### Stored data
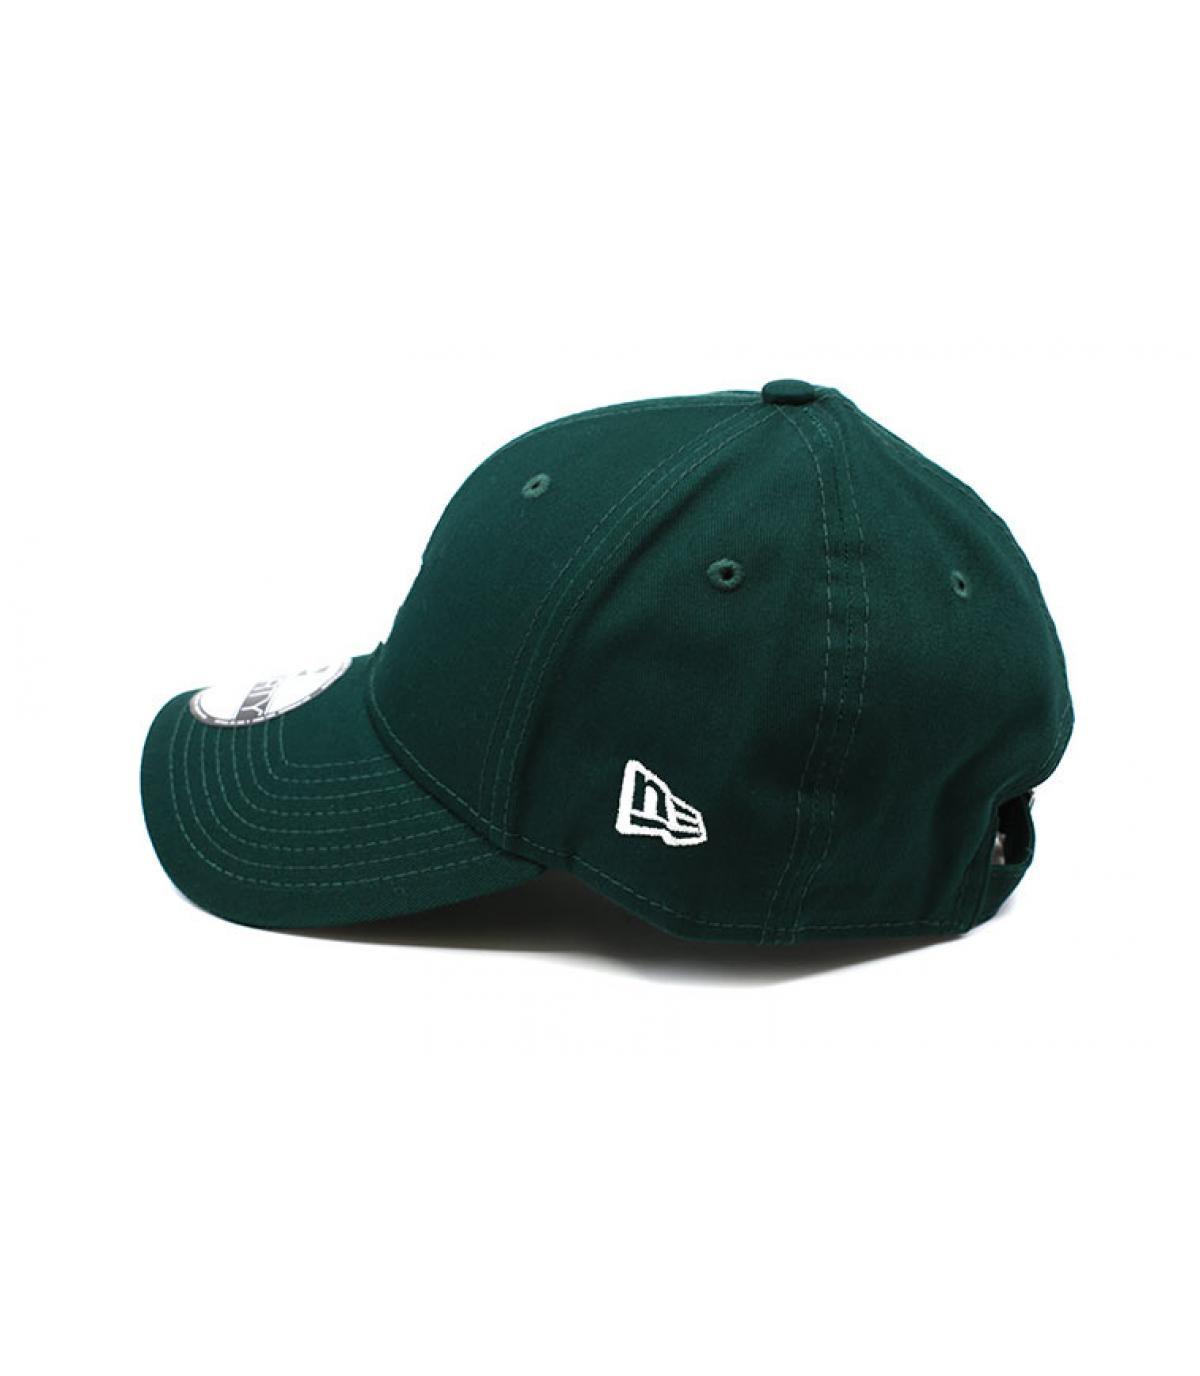 Details League Ess 9Forty LA dark green - afbeeling 4
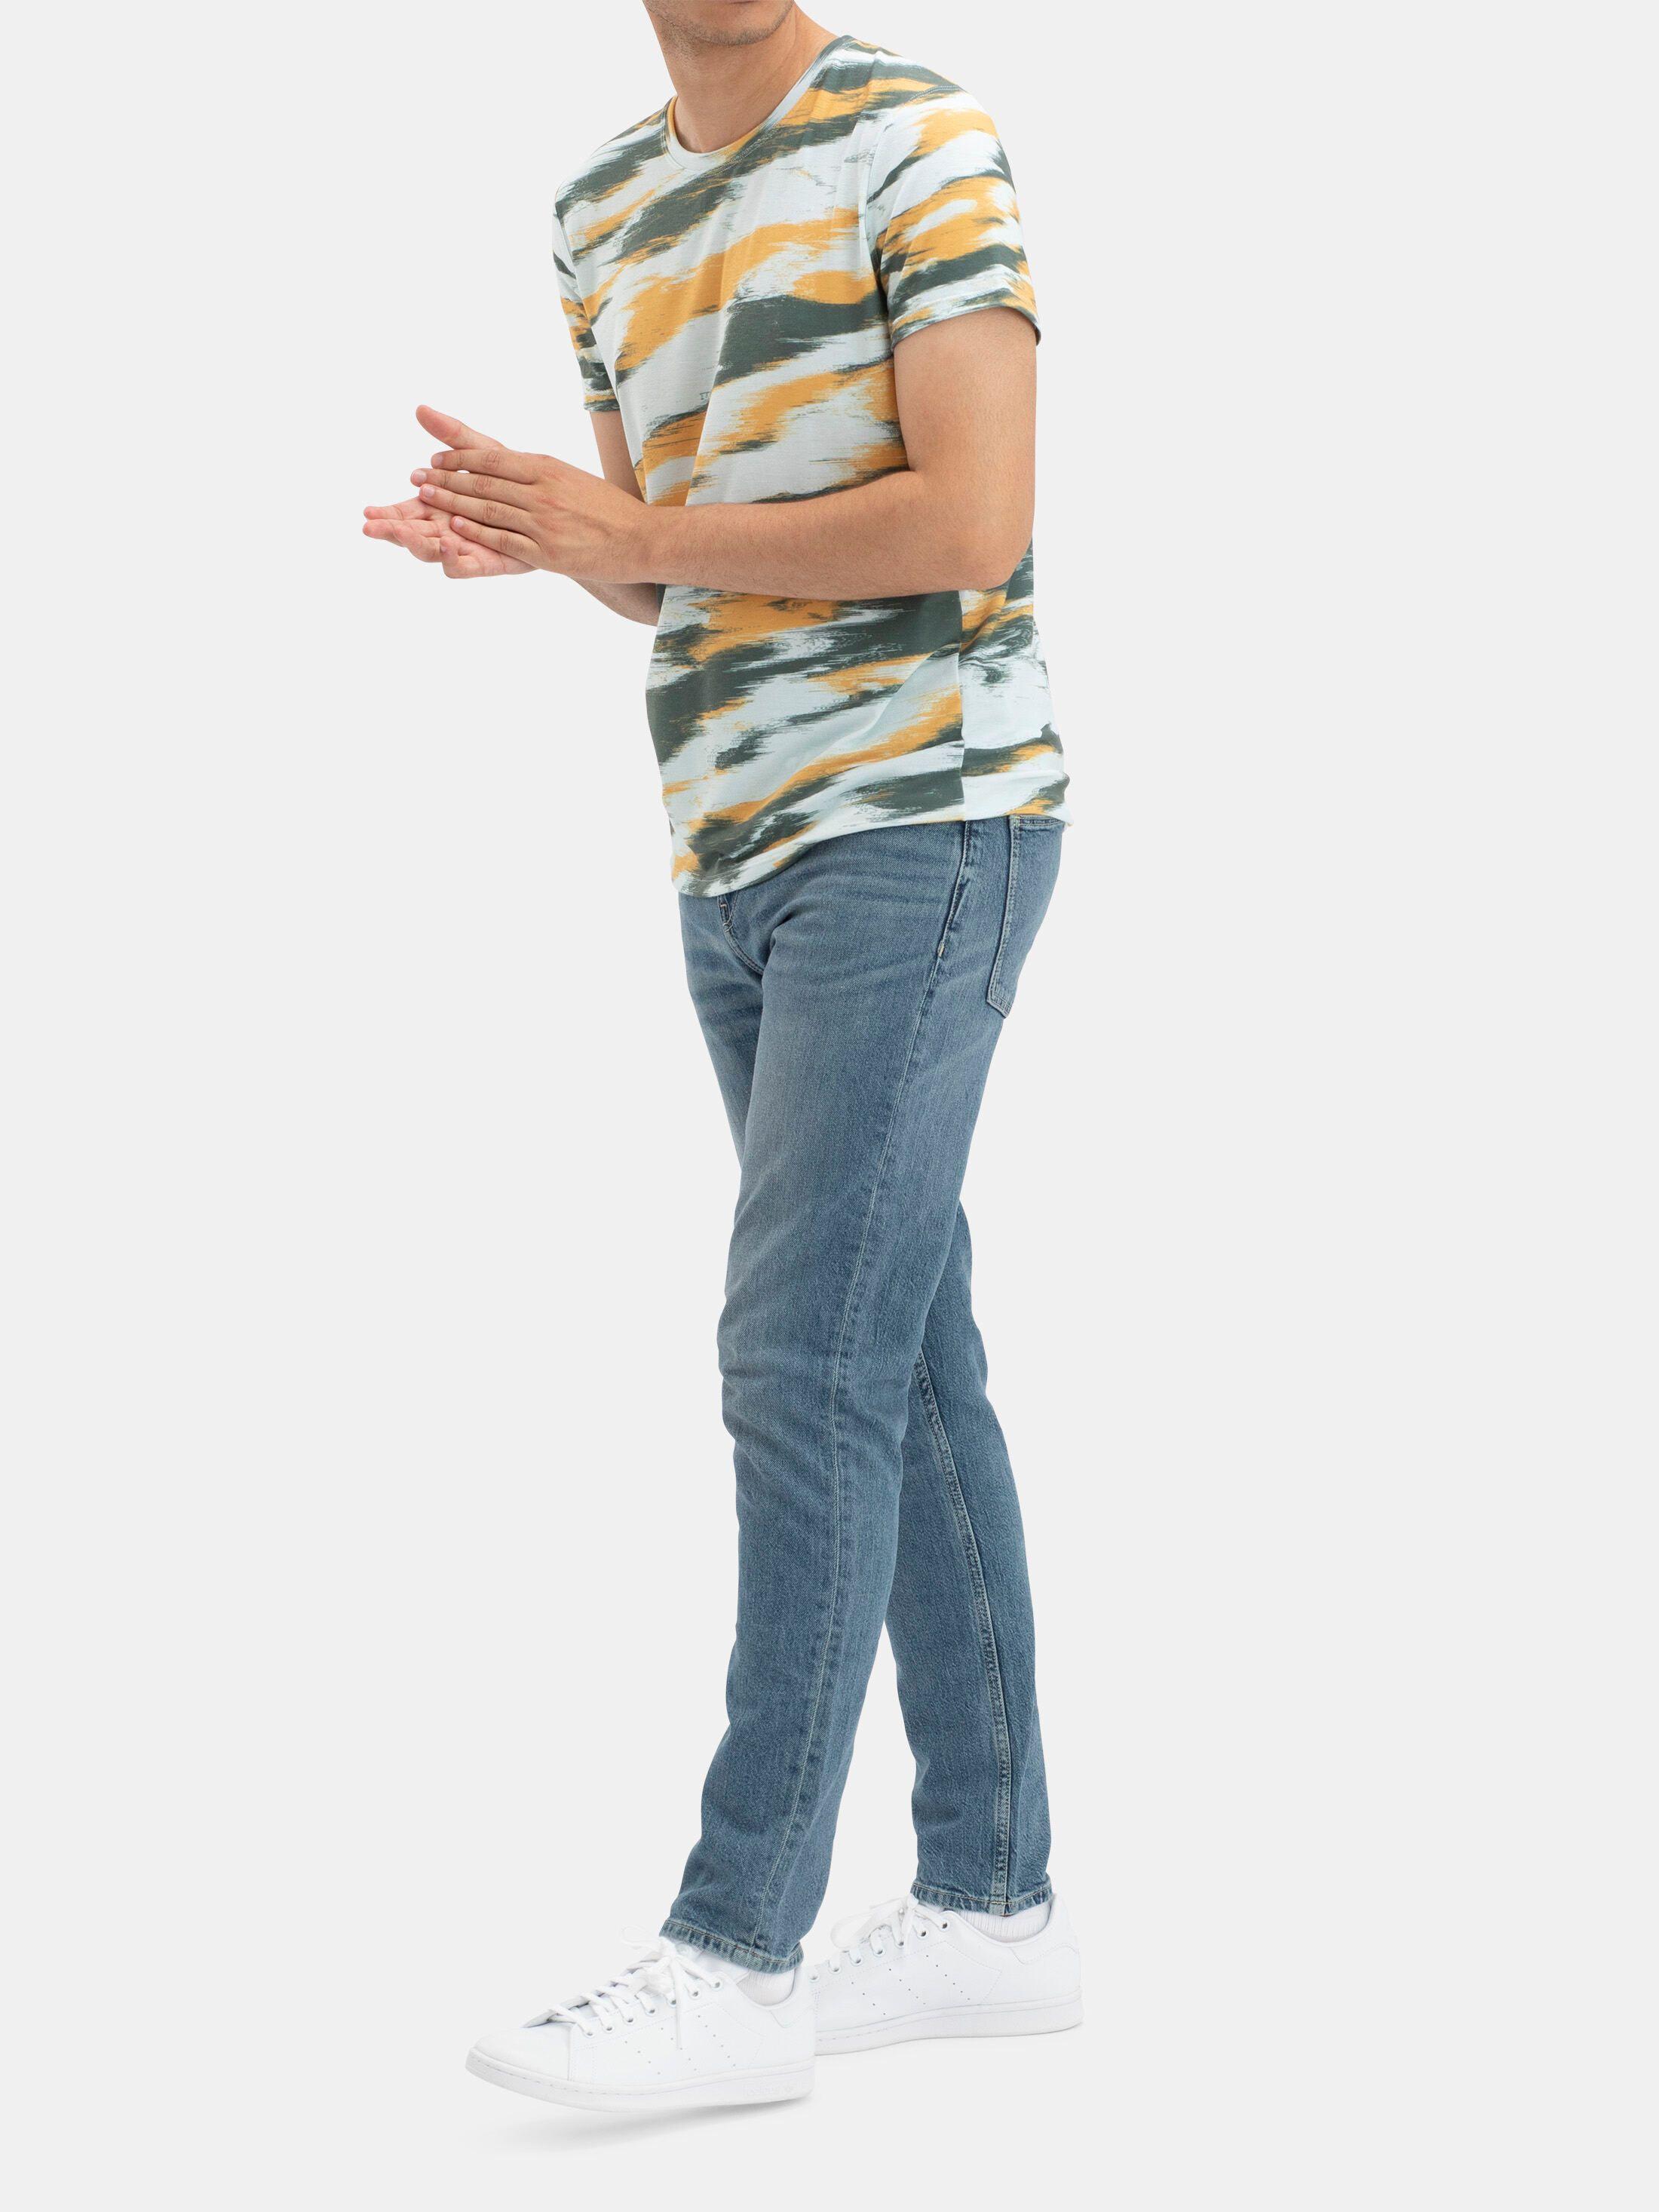 Men's Custom made Regular Fit T-Shirt
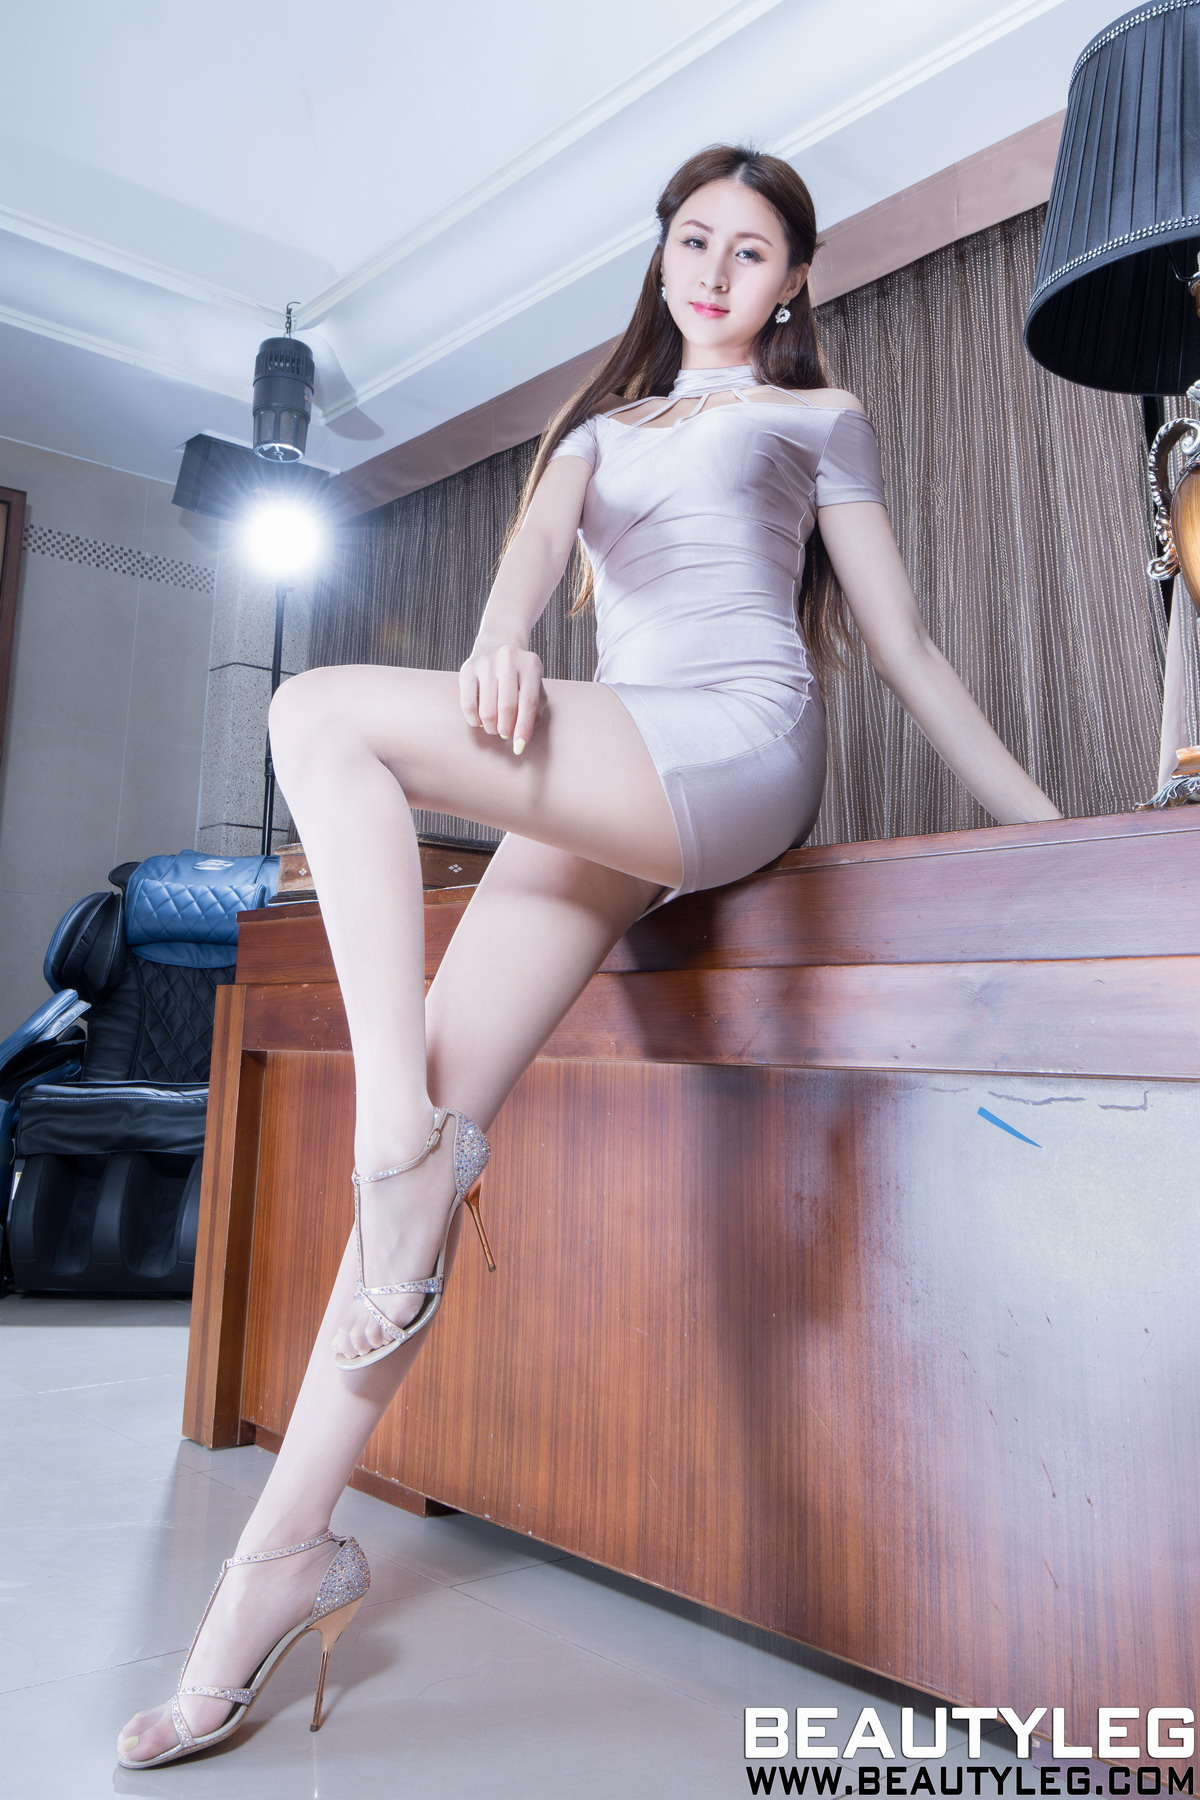 [Beautyleg]美腿写真 2020.04.22 No.1911 Lola[/468M]

### Your goal
Every line from the one containing "Men's Custom made Regular Fit T-Shirt" through the last line of the listing must be written out again exactly, and no other line. Leave the pictures aside.

### Written answer
 Men's Custom made Regular Fit T-Shirt
 [Beautyleg]美腿写真 2020.04.22 No.1911 Lola[/468M]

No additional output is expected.